= BRIEF =
For the entries that follow, restate word for word the line containing "produktymedyczne.pl", the line containing "La princesse Beatrix", and every line that lies between them.

= RECORDS FOR PROCESSING =
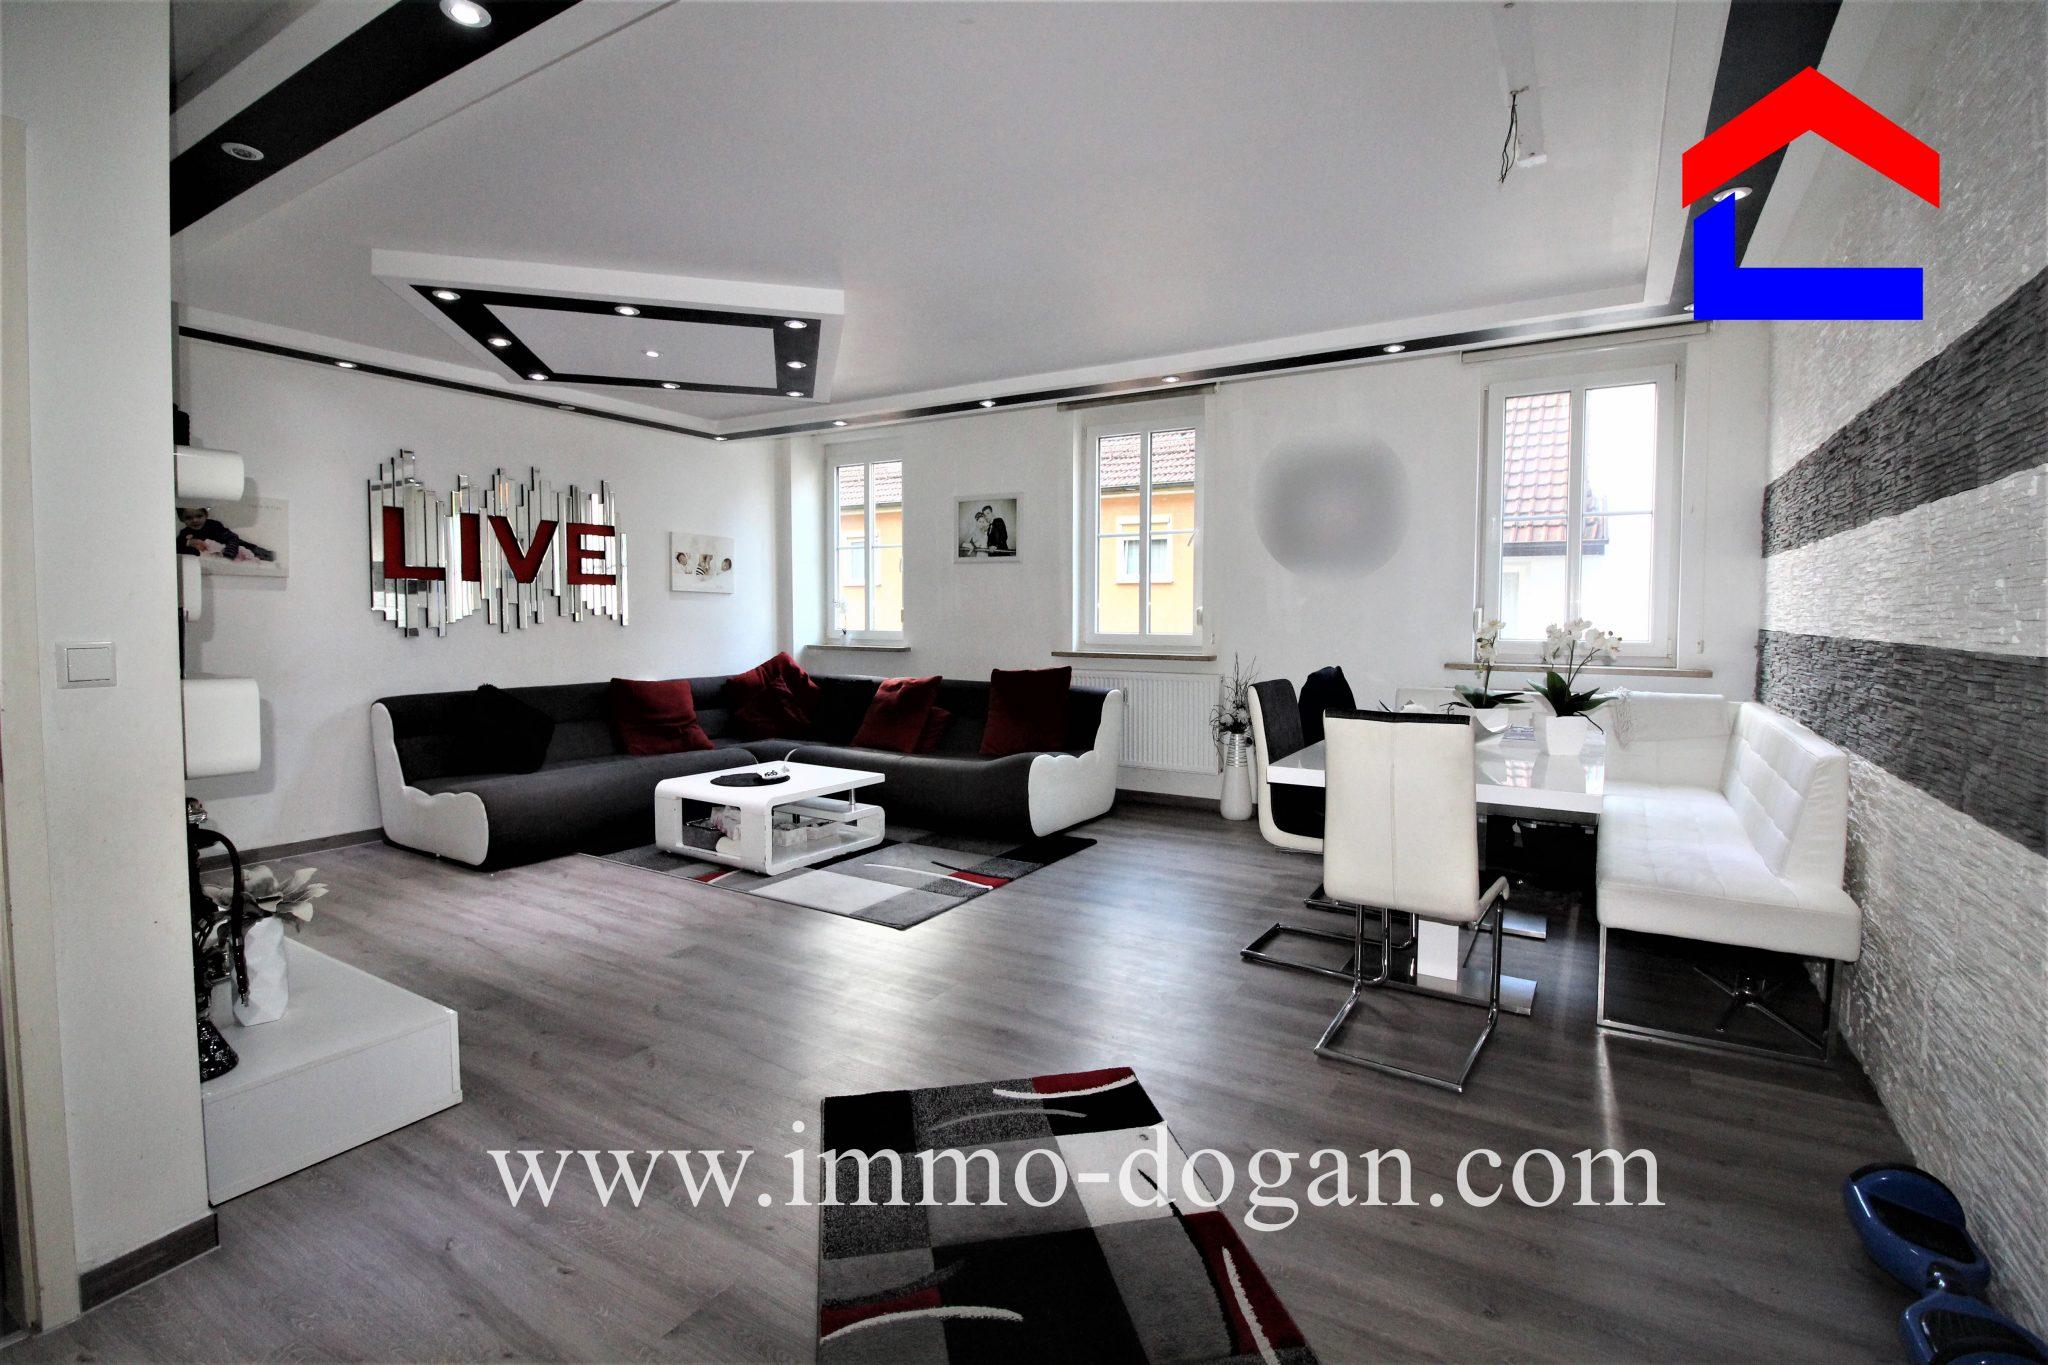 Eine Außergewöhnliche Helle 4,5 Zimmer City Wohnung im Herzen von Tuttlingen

---

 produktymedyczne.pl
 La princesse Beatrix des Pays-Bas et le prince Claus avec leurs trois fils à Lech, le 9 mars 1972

= SOLUTION BELOW =
 produktymedyczne.pl
 La princesse Beatrix des Pays-Bas et le prince Claus avec leurs trois fils à Lech, le 9 mars 1972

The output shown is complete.